§ To do
Below are records with pictures; copy word for word only the lines between the line with "Konstrukcje z Lego - poziom boski" and the line with "Mujer hacer meditación", inclusive, and drop the pictures.

§ Entries provided
━━━━━━━━━━━━━━━━━━━━
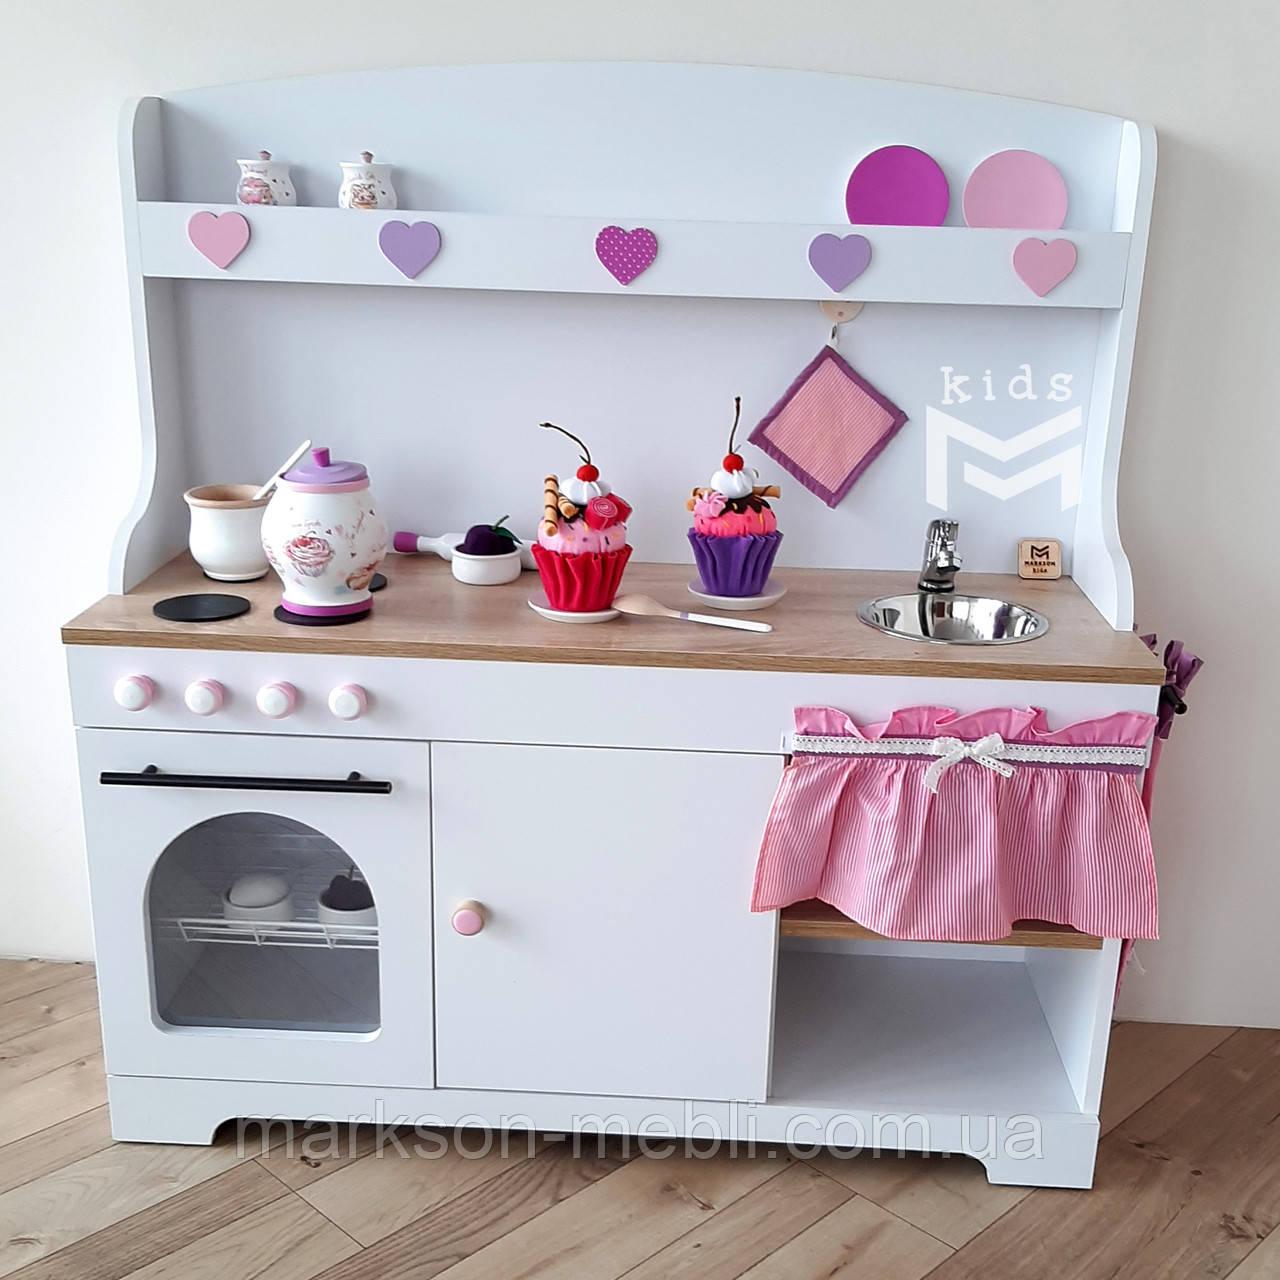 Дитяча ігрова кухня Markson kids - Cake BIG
━━━━━━━━━━━━━━━━━━━━
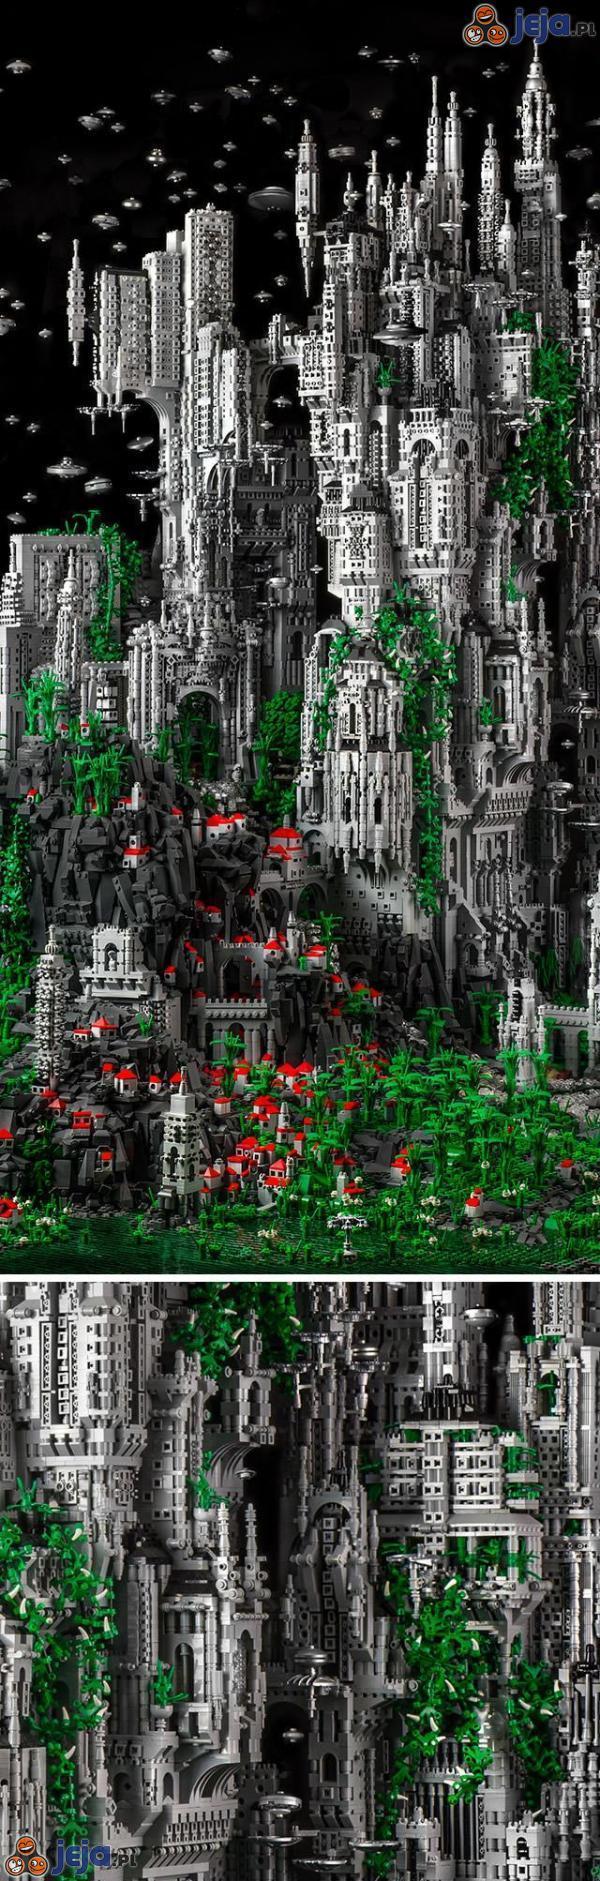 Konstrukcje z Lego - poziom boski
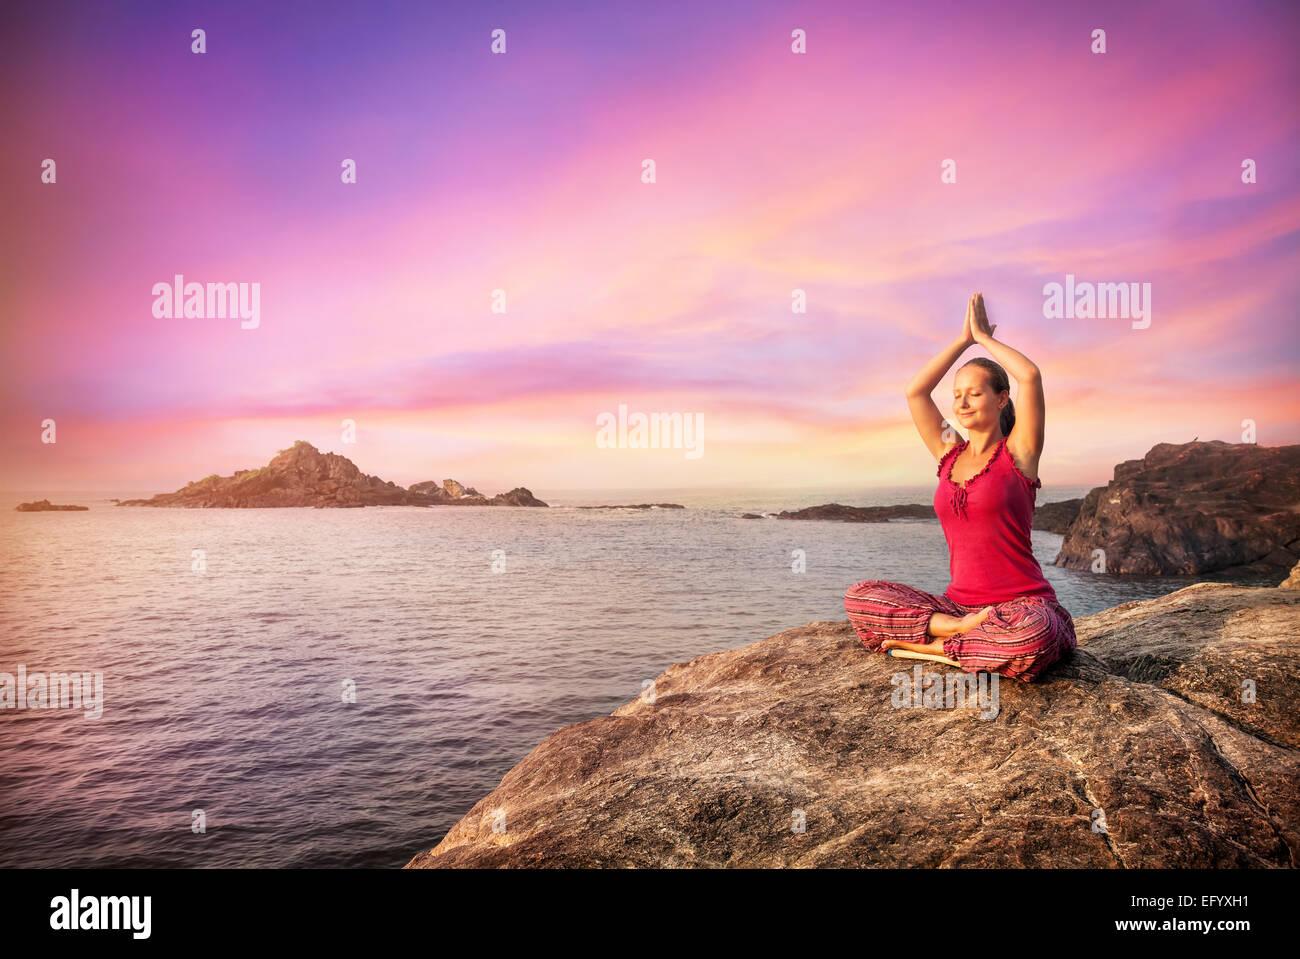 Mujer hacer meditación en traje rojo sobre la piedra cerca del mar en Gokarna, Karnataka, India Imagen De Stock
━━━━━━━━━━━━━━━━━━━━
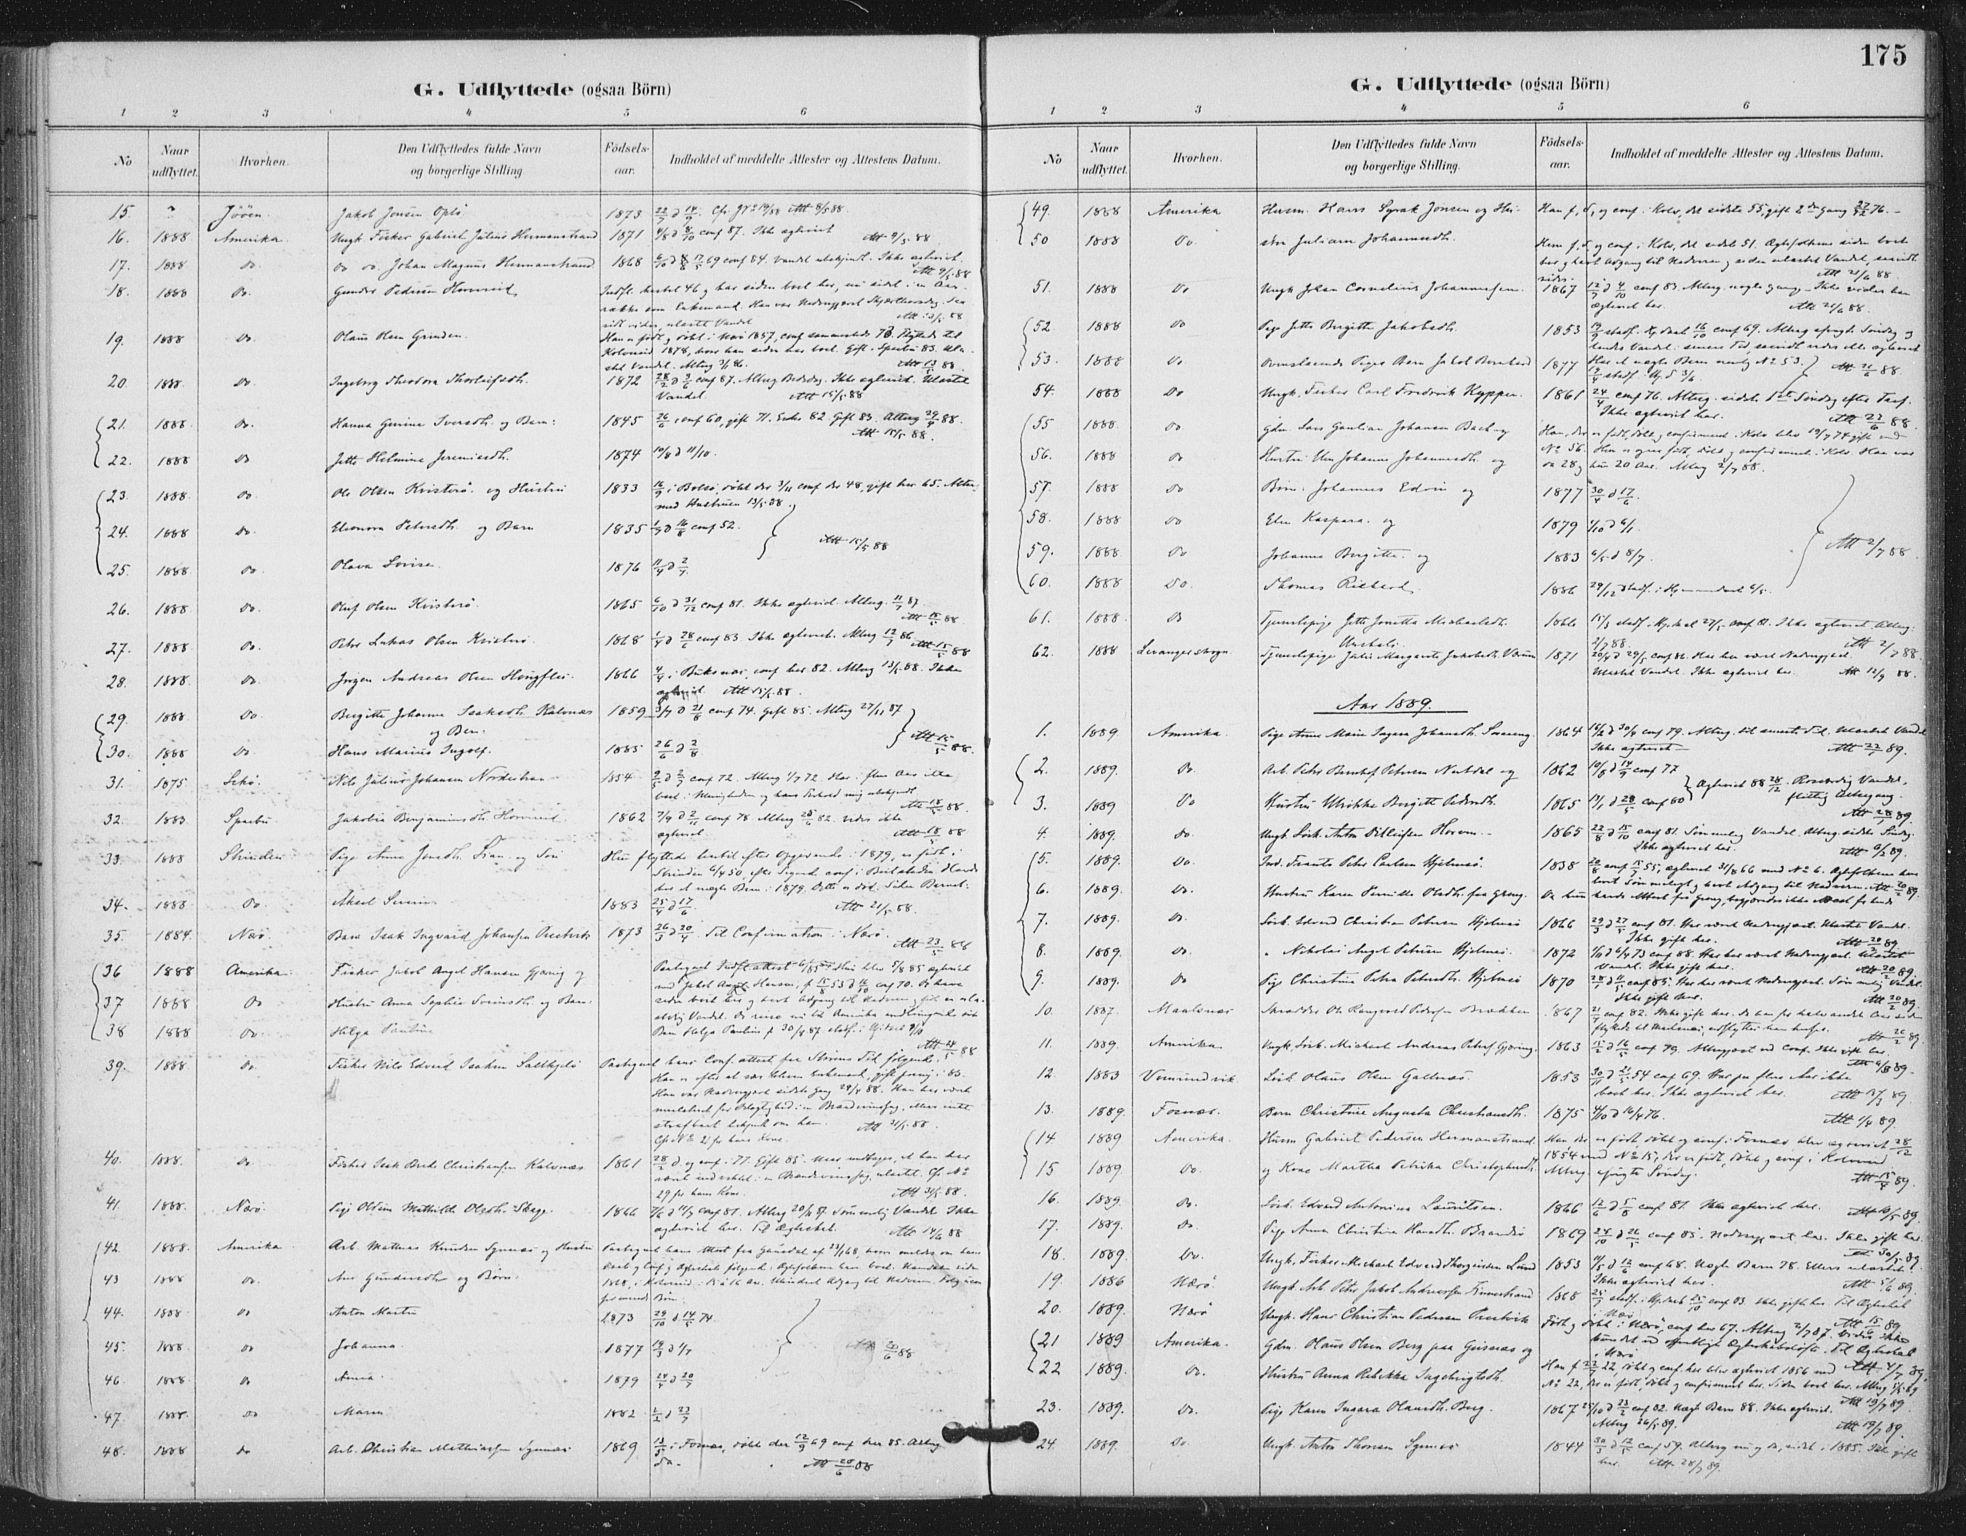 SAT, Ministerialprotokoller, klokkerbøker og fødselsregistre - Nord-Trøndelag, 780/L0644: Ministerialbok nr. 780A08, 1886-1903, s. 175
━━━━━━━━━━━━━━━━━━━━
§ Response below
 Konstrukcje z Lego - poziom boski
 Mujer hacer meditación en traje rojo sobre la piedra cerca del mar en Gokarna, Karnataka, India Imagen De Stock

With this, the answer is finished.